Sen. Mary Landrieu, D-La., blasted the administration for rejecting the program when the region needs it most.

"It is shocking that during a time of ongoing hurricane recovery in New Orleans, the Department of Health and Human Services would deny funding to this renowned program that provides essential mental health services to the city's children," Landrieu said. "It is further troubling that the agency would disregard the expressly stated intent of Congress to give priority for children's mental health grants to facilities that help children along the Gulf Coast handle the post-traumatic stress of Hurricanes Katrina and Rita."

Agency blames Congress
However, the federal health department said Congress might be partly to blame.

Though the House and Senate, controlled by Republicans at the time, each passed their own versions of spending bills for the health department in 2006, Congress failed to reconcile the two versions and pass a final appropriations bill for the agency. Instead, it passed a continuing resolution, which had the effect of maintaining 2006 financing levels throughout fiscal 2007.

Springer, the spokeswoman for the Substance Abuse and Mental Health Administration, said the agency didn't have Congress' directive to prioritize mental health grants to the Gulf Coast when it put together its program earlier this year.

"We did not have an approved appropriations bill, only a continuing resolution," Springer said. "Any language that would be included in an appropriations bill wasn't available to us."
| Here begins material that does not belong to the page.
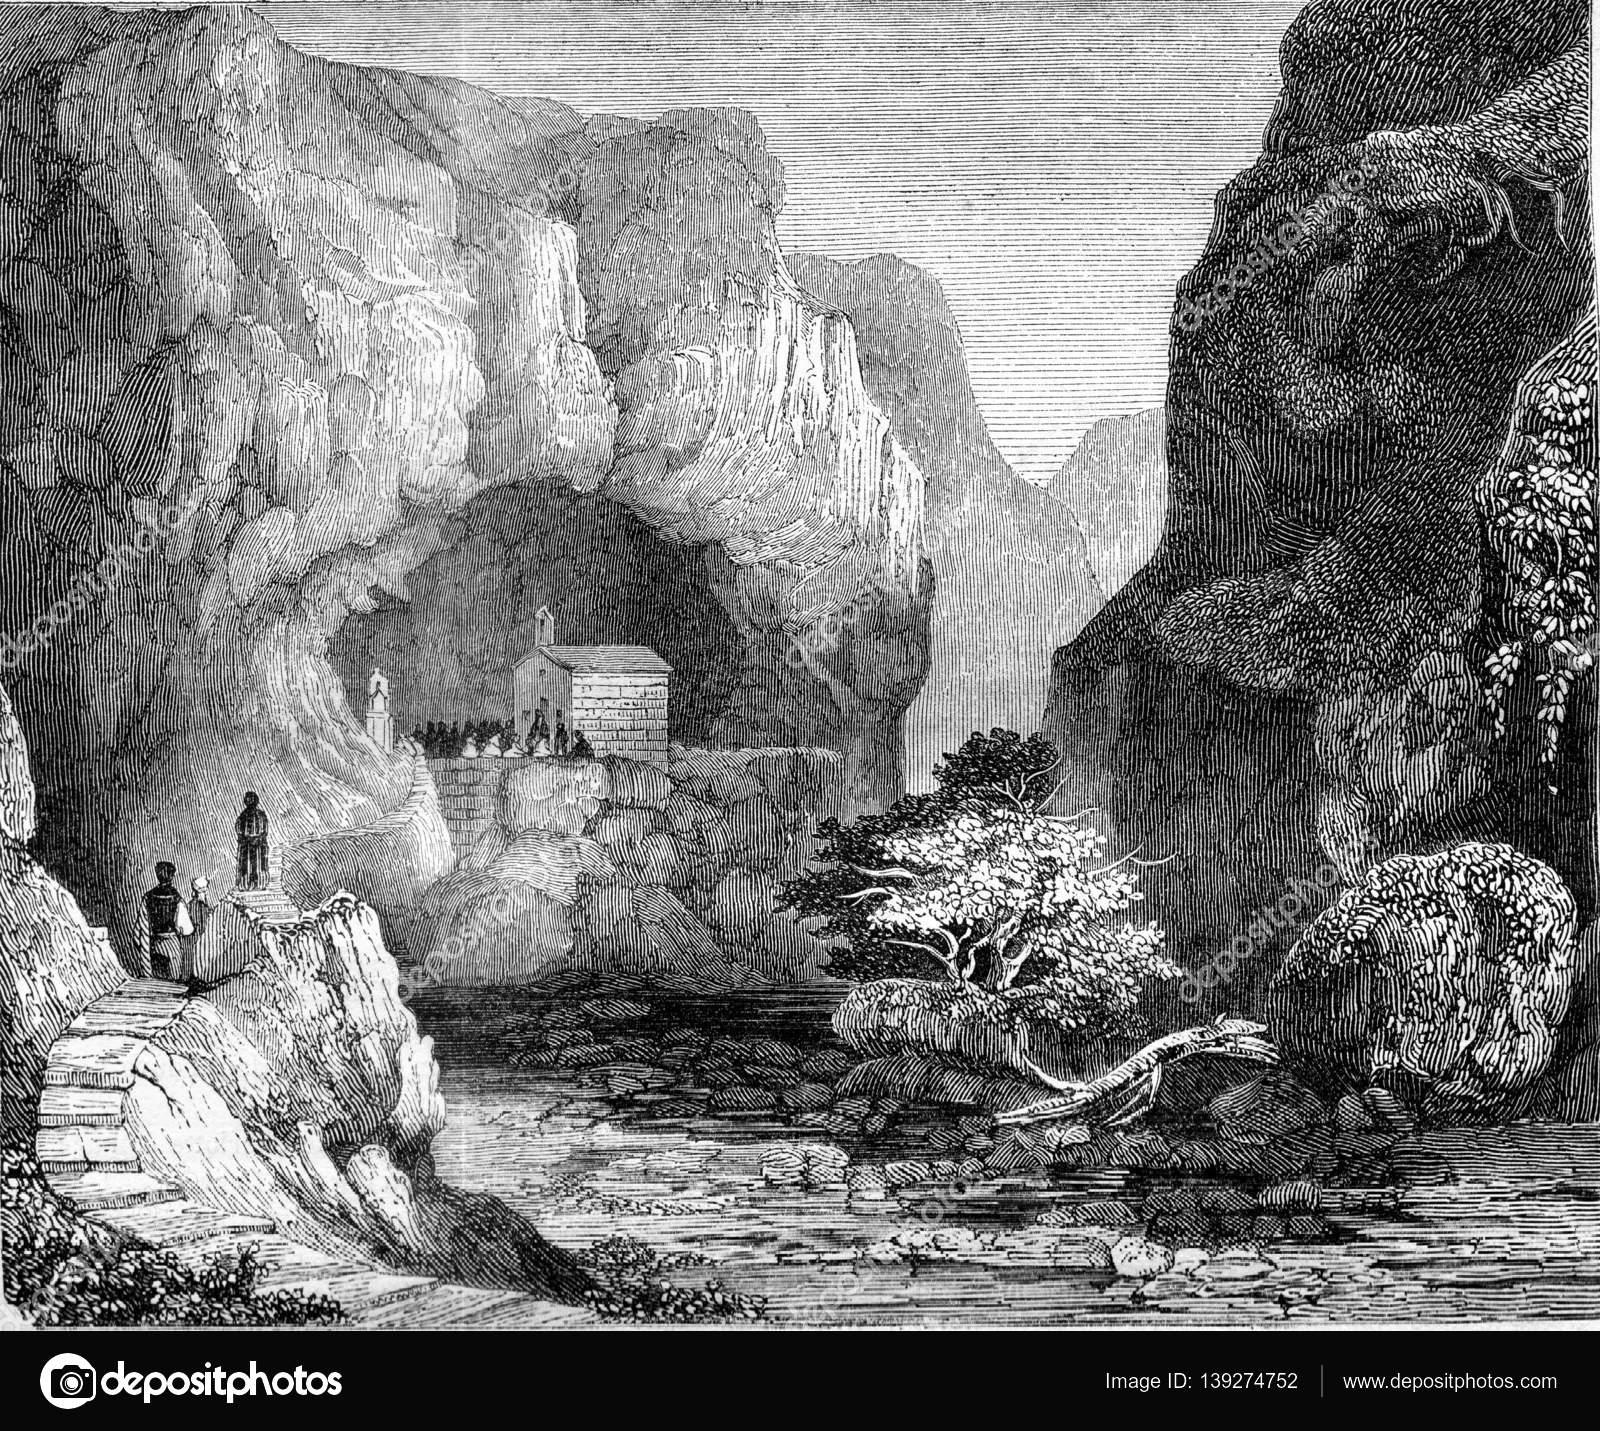 vue de la grotte de saint paul, dans la vallée de mousta, malte

However, Landrieu spokesman Adam Sharp noted that the agency chose to give priority to children and families of returning war veterans, a directive that was contained in the fiscal 2007 spending bill, but somehow left off hurricane victims. He said that despite Congress' failure to pass all the spending bills last year, some agencies followed Congress' policy directives anyway.

"They chose to use the Iraq language from the fiscal 2007 bill but ignore the Gulf Coast language," he said. "They were clearly picking and choosing. They can't have it both ways."

Landrieu said she hopes to remedy the situation next week. She plans to offer an amendment to the fiscal 2008 spending bill for the Department of Health and Human Services when it comes to the Senate floor. The amendment would direct $400,000 in grant financing to the LSU mental health program.